As noted previously, the absence of written findings and statement of reasons will not nullify or invalidate an agency's decision where the court finds, upon review of the entire record before the agency, that substantial evidence exists in the record to support the agency's decision. See Evans v. Plan Zoning Commission, supra, 73 Conn.App. 657-58; see also Gagnon v. Inland Wetlands and Watercourses Commission, 213 Conn. 604, 606-11, 569 A.2d 1094 (1990). In this case, § 273-91 of the zoning ordinance explicitly incorporates the CAM requirements enumerated in General Statutes §§ 22a-105 to 22a-109 into the Guilford zoning regulations. Thus, when the commission determined that the revised site plan complied with § 273-91 of the zoning ordinance (ROR, Exhs. 055, 065, p. 6), it implicitly determined that the criteria under CAM had been satisfied.

Guilford zoning ordinance § 273-91 provides in relevant part "A. All buildings, uses and structures fully or partially within the coastal boundary as defined by Section 22a-94 of the Connecticut General Statutes and as delineated on the Coastal Boundary Map for the Town of Guilford shall be subject to the coastal site plan review requirements and procedures in Sections 22a-105 through 22a-109 of the Connecticut General Statutes."

The record supports this conclusion. The plaintiffs argue that Sunset's final revised site plan application depicts an intensive nonwater-dependent use situated in a flood zone that permits uncontrolled storage of materials harmful to the coastal environment. The statutory definition of water-dependent use is found in § 22a-93(16) and includes public access. Thus, contrary to the plaintiffs' assertion, the revised site plan satisfies the water-dependant use requirement because it includes a public access component. In addition, there is substantial evidence in the record to support a finding that the revised site plan satisfied the other criteria set forth in CAM, including under § 22a-106(b) and the "general goals and policies" enumerated in § 22a-92.

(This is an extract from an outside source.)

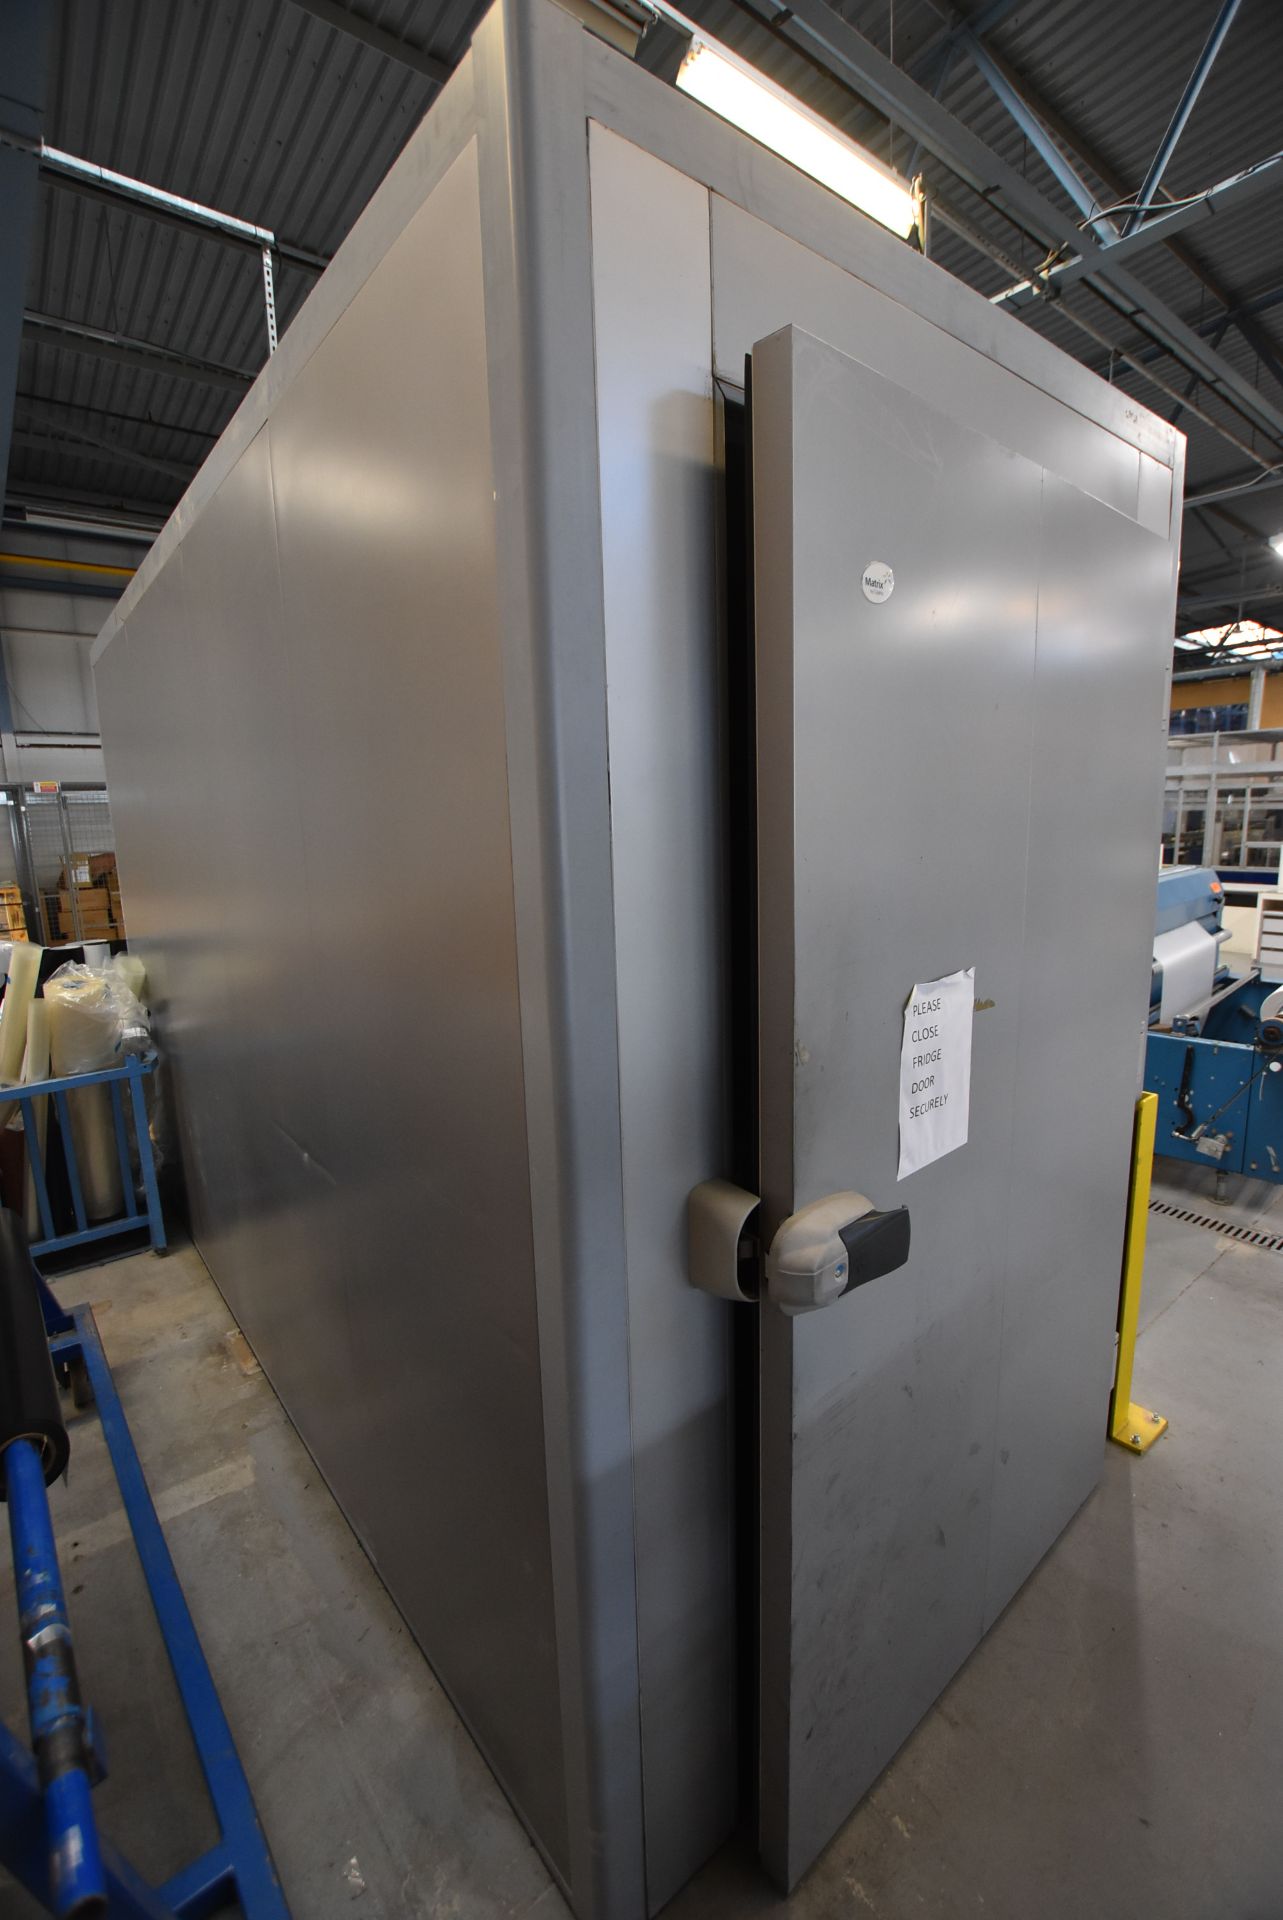 Cold Solutions/ Matrix Refrigerated Cold Room, approx. 4m x 2m x 2.5m, with refrigeration equipment - Image 3 of 4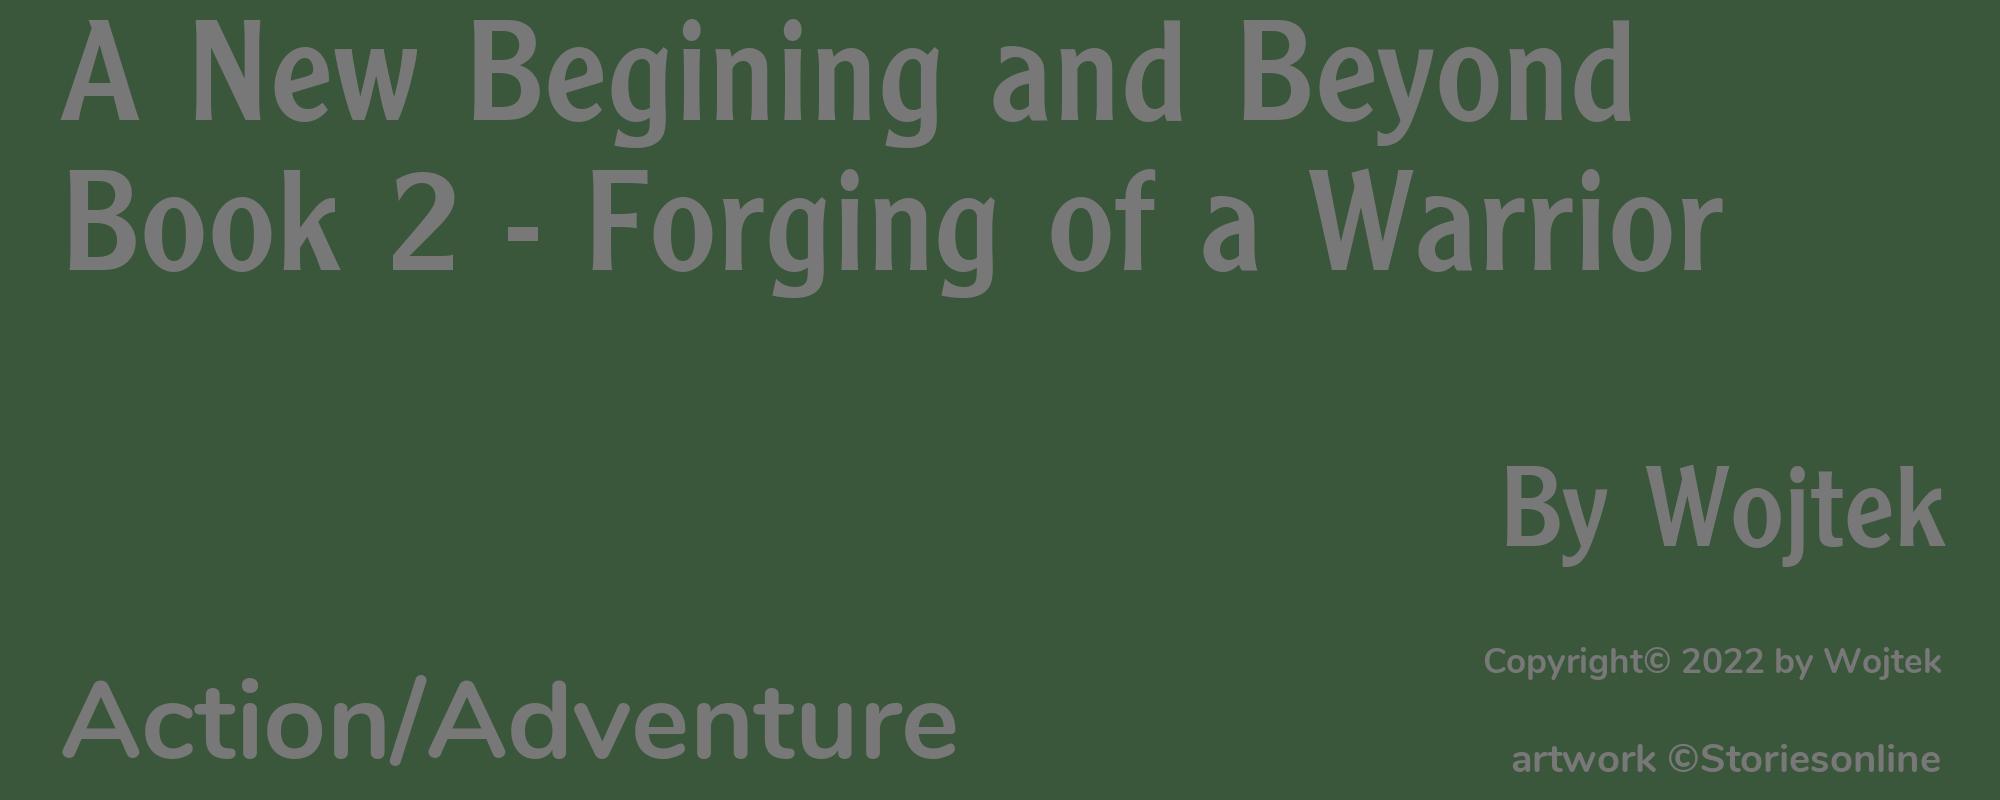 A New Begining and Beyond Book 2 - Forging of a Warrior - Cover

Section 22a-106(b) provides "In determining the acceptability of potential adverse impacts of the proposed activity described in the coastal site plan on both coastal resources and future water-dependent development opportunities a municipal board or commission shall: (1) Consider the characteristics of the site, including the location and condition of any of the coastal resources defined in Section 22a-93; (2) consider the potential effects, both beneficial and adverse, of the proposed activity on coastal resources and future water-dependent development opportunities; and (3) follow all applicable goals and policies stated in Section 22a-92 and identify conflicts between the proposed activity and any goal or policy."

C. Conformance with the Guilford Plan of Conservation and Development and § 273-1 of the Guilford Zoning Ordinance

In addition to their CAM claims, the plaintiffs argue that the commission failed to make a finding that the site plan is in conformance with Guilford's plan of conservation and development pursuant to § 273-75 of the zoning ordinance. In their brief, the plaintiffs argue that the site plan is incompatible with the plan of conservation and development with respect to historic elements, setbacks from adjoining uses, and the "drastic alteration of the natural landform" as a result of the proposed fill.

General Statutes § 8-3 requires that a commission, in making a decision to change the boundaries of a zone, "shall take into consideration the plan of conservation and development." Similarly, § 273-75 of the zoning ordinance requires that a site plan be in conformance with the intent of any plan of development. A plan of development which designates appropriate uses for various areas in the municipality is merely advisory to and does not bind a zoning commission. See First Hartford Realty Corporation v. Plan Zoning Commission, 165 Conn. 533, 542, 338 A.2d 490 (1973). Rather, "[a] master plan of conservation and development, adopted pursuant to § 8-23, represents a commission's recommendations for the most desirable use of land." (Emphasis added.) CK Real Estate, LLC v. Guilford, Superior Court, judicial district of New Haven, Docket No. CV 02 0459707 (June 3, 2003, Radcliffe, J.).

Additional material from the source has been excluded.